On linux-image-2.6.38-11-generic, destroying a container causes a kernel OOPS and an immediate reboot. This is totally repeatable. This is on XUbuntu (but I doubt that makes any difference as we've done it on a headless Ubuntu server too).

Procedure to repeat:
  lxc-create -n foo
  lxc-start -n foo
Press ^C

This happens with containers created otherwise than using lxc, so it is not a bug in lxc.

The oops is in general not possible to catch as the reboot is immediate. However, I have attached an Oops from a marginally different kernel (2.6.38-10-server on Lucid) which is created in a different way, but Oopses at the same time and I believe is the same bug.
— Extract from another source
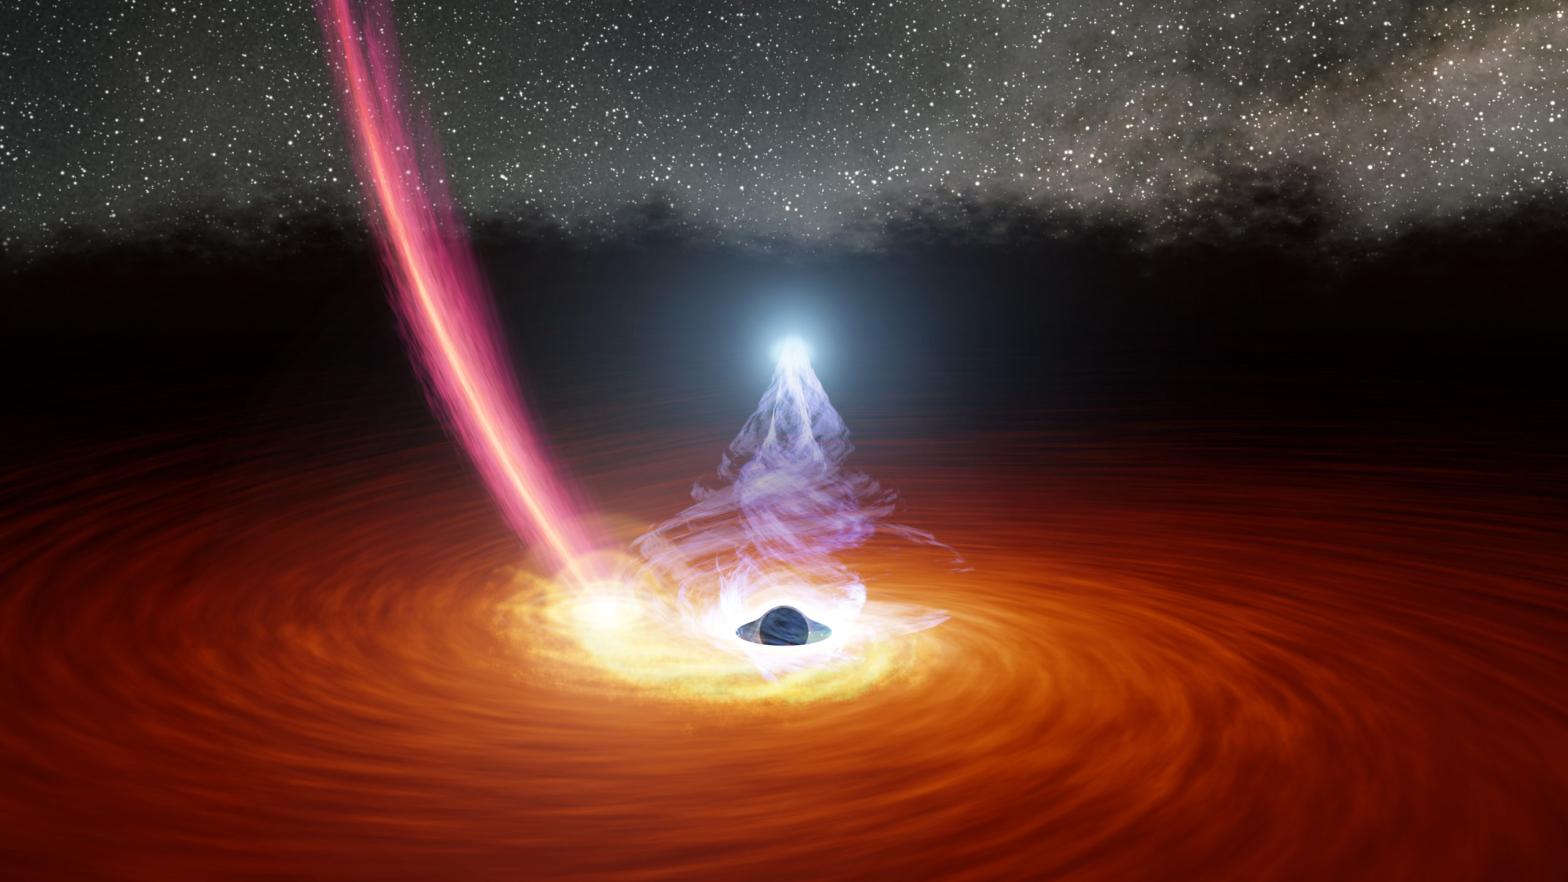 Artistic conception: The supermassive black hole surrounded by a disk of hot gas and the X-ray corona (shown in bluish-white). The pinkish streak is debris falling into the black hole — the shattered remains of a runaway star.  (Image: NASA/JPL-Caltech)
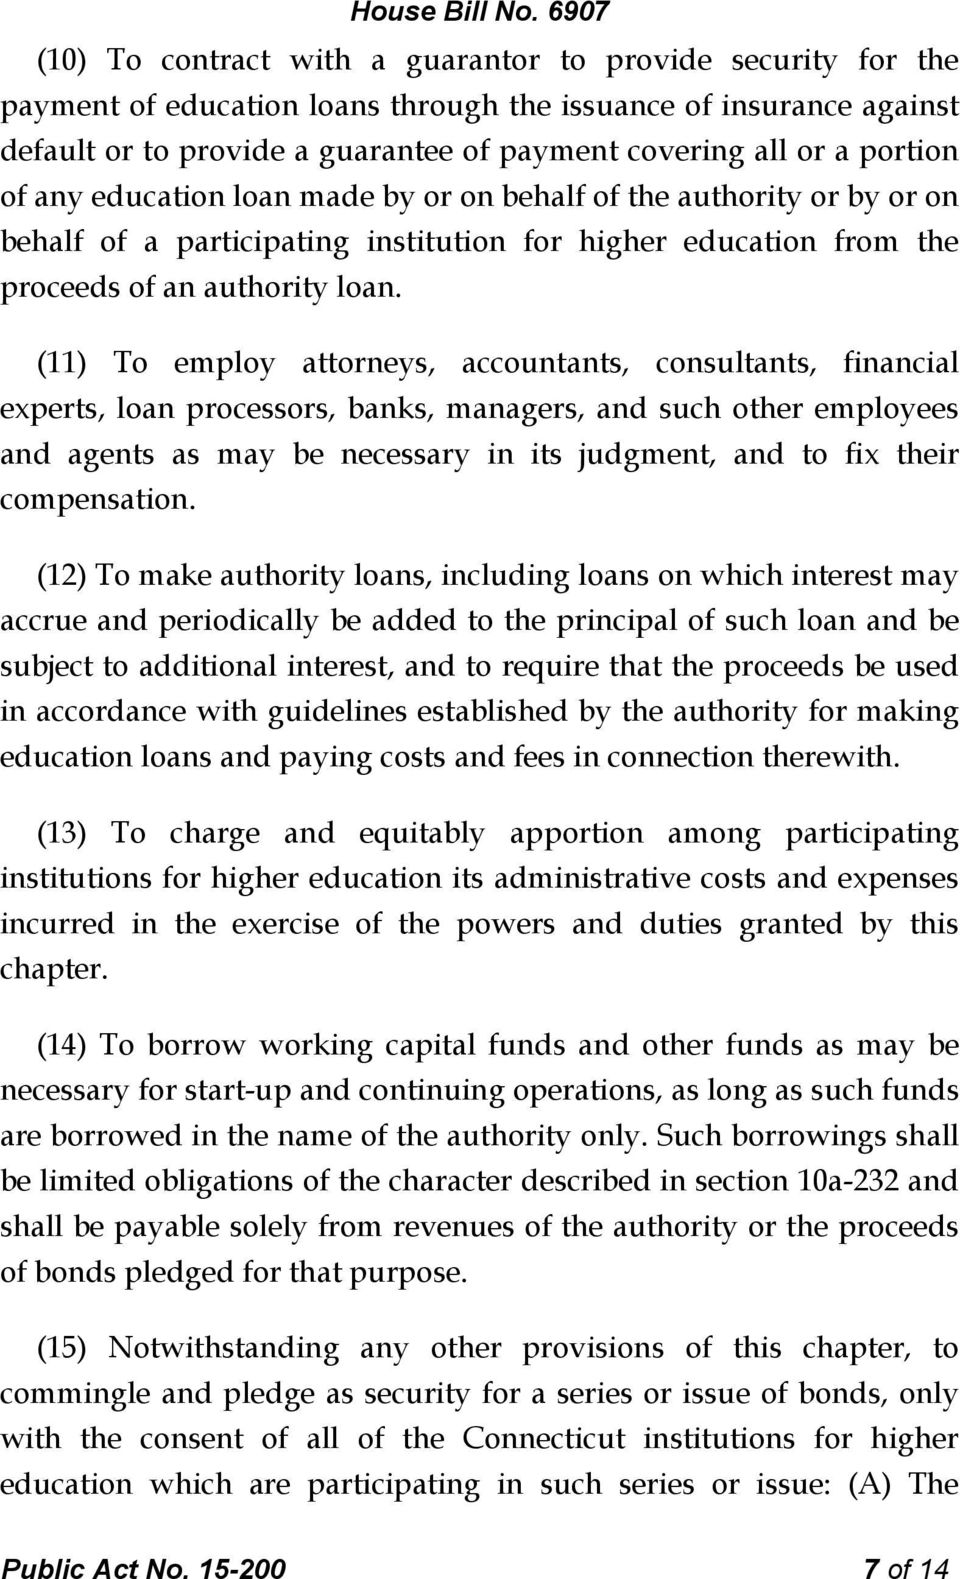 (11) To employ attorneys, accountants, consultants, financial experts, loan processors, banks, managers, and such other employees and agents as may be necessary in its judgment, and to fix their

Bug information as required

1. System information.

lsb_release -rd gives:

Description: Ubuntu 11.04
Release: 11.04

2. apt-cache policy linux-image-2.6.38-11-generic

linux-image-2.6.38-11-generic:
 Installed: 2.6.38-11.49
 Candidate: 2.6.38-11.49
 Version table:
*** 2.6.38-11.49 0
       500 http://gb.archive.ubuntu.com/ubuntu/ natty-proposed/main amd64 Packages
       100 /var/lib/dpkg/status
    2.6.38-11.48 0
       500 http://gb.archive.ubuntu.com/ubuntu/ natty-updates/main amd64 Packages
       500 http://security.ubuntu.com/ubuntu/ natty-security/main amd64 Packages

3) What I expected to happen:

Container deleted, command prompt returns.

4) What actually happened:

Immediate machine reboot, all data lost

5) We currently do not believe this to be a security vulnerability as containers cannot be created as non-root.